To napisał amerykański Żyd z Newsweeka [
www.thedailybeast.com] :
The honor to Jan Karski was intended to memorialize all this. Instead, an ignorant error by somebody who could not be troubled to understand the story he or she was telling has offended Poles and thrown discredit on Karski's own memory. It's not a big story in the United States, but it won't soon be forgotten in Poland.

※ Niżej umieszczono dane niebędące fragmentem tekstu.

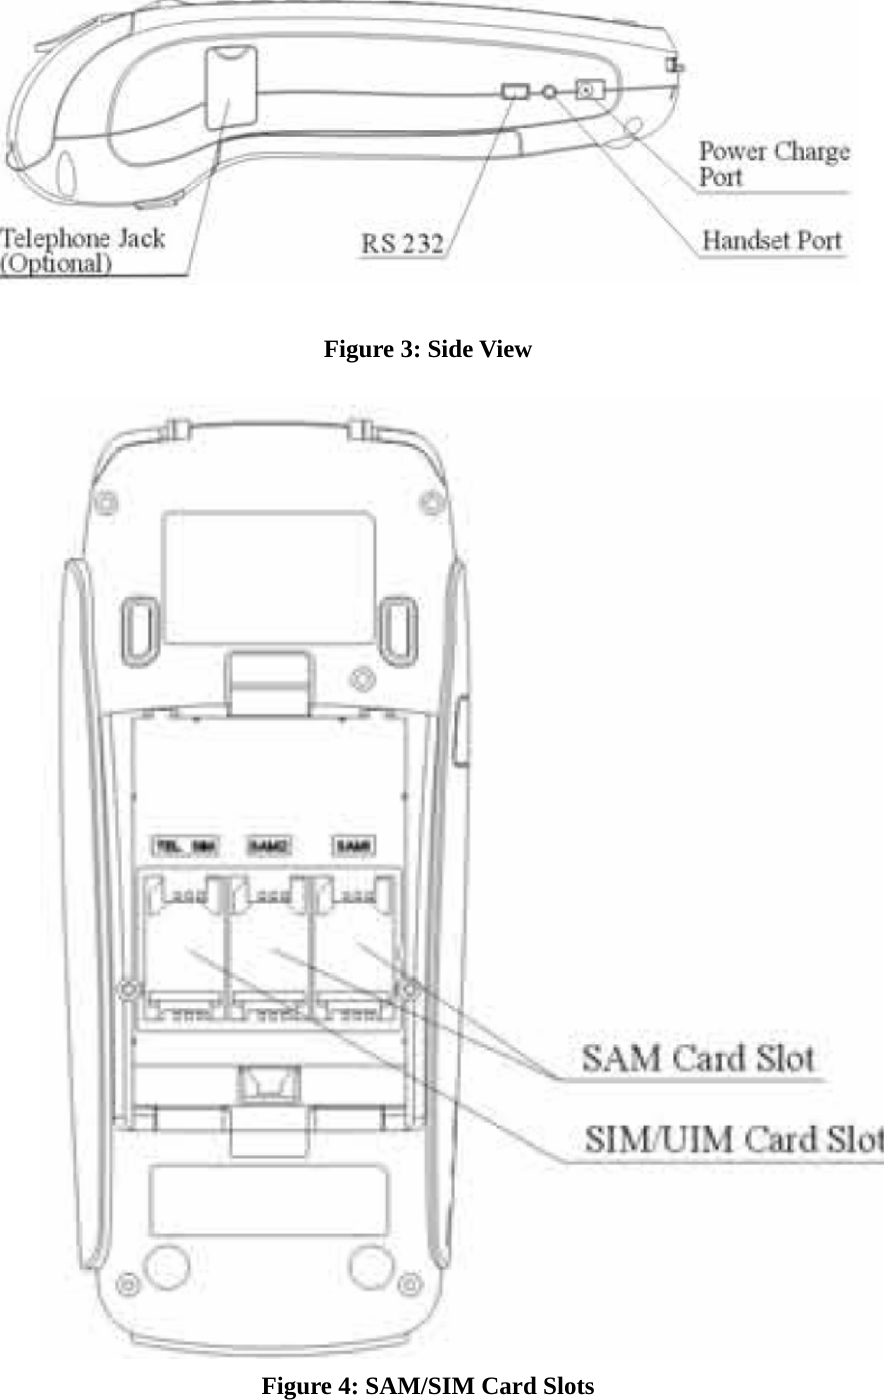   Figure 3: Side View   Figure 4: SAM/SIM Card Slots 
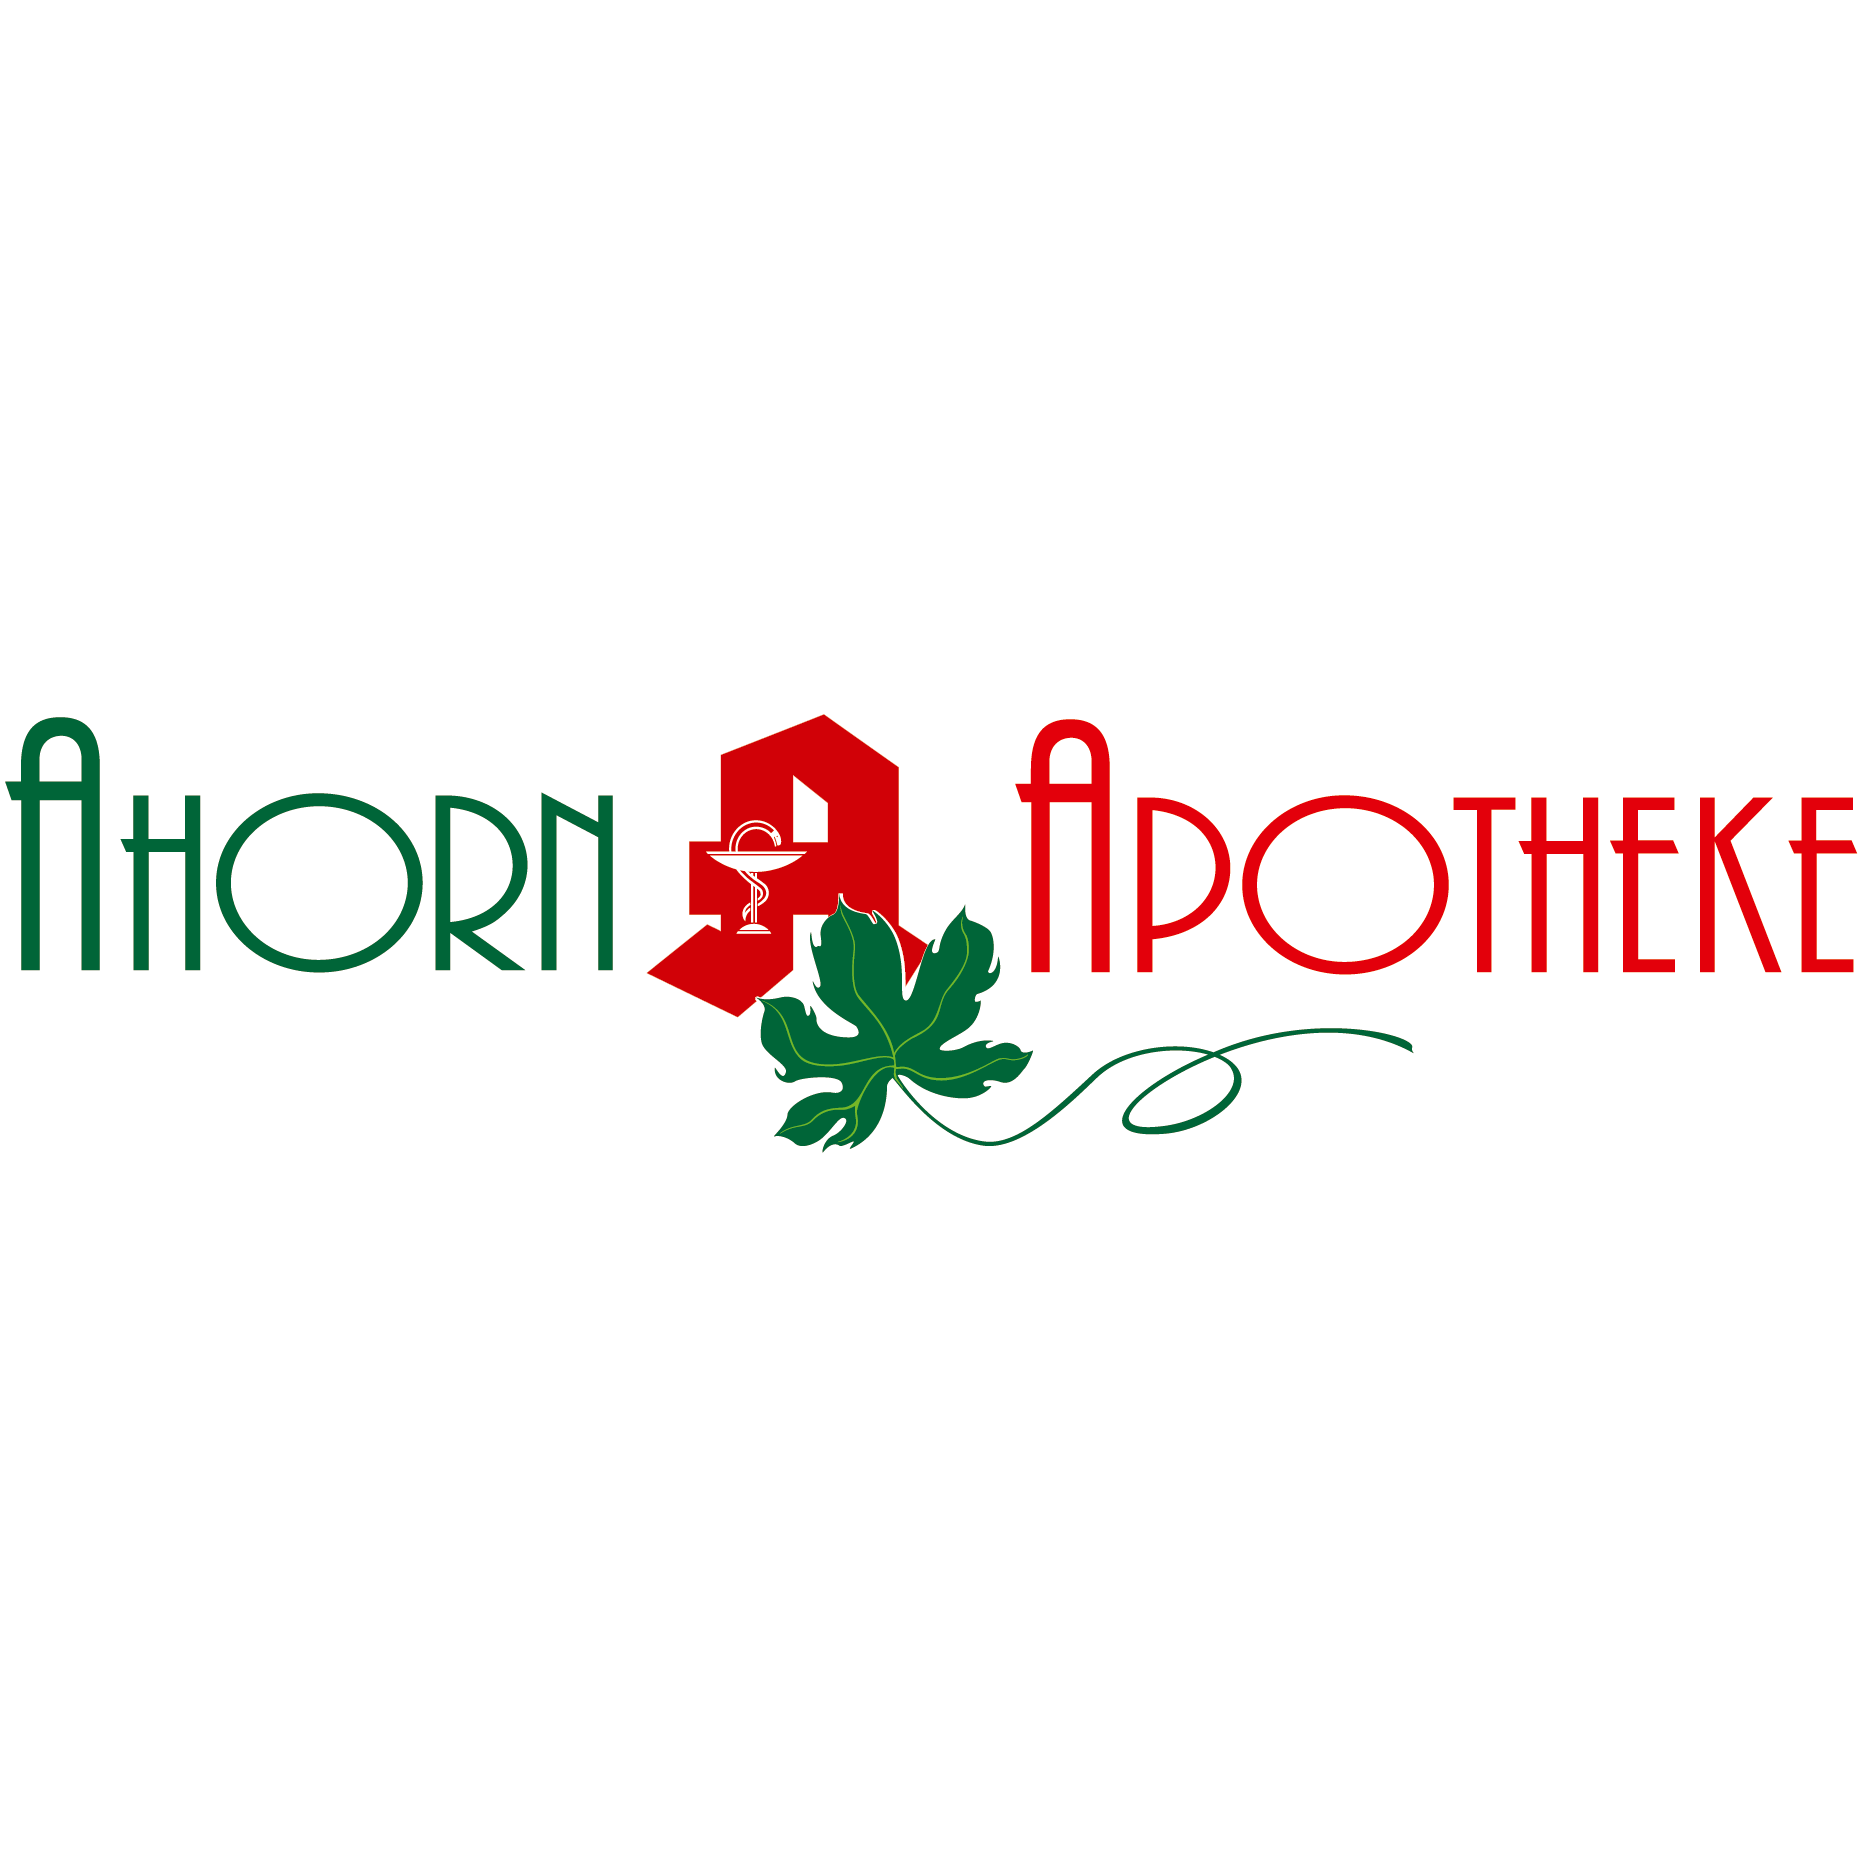 Ahorn-Apotheke in Dortmund - Logo

You may say the Poles are over-sensitive. One might as well say that Americans are under-sensitive. The U.S. has had such a comparatively happy history that it's hard to think of a domestic analogy that would capture what Poles feel when the worst crimes of their worst oppressors are attributed—not to the authors—but to them. "The Hawaiian sneak attack on the U.S. naval base at Pearl Harbor" is a pathetically inadequate approximation, but at least it gets the grammar of the insult. "The Belgian massacre of U.S. prisoners at Malmedy"? No, still not it. Aside from being morally inadequate, such analogies also miss the moral intensity of World War II for Poles. Their war did not end until 1989: they continue to live more intimately with the war's legacy even now, more than almost any other European nation. The medal to Karski was to be part of the process of laying painful memories to rest. It was intended too to strengthen the US-Polish relations that the Obama administration has frayed in pursuit of its "reset" with Russia. Instead, this administration bungled everything: past, present, and future.
Shame.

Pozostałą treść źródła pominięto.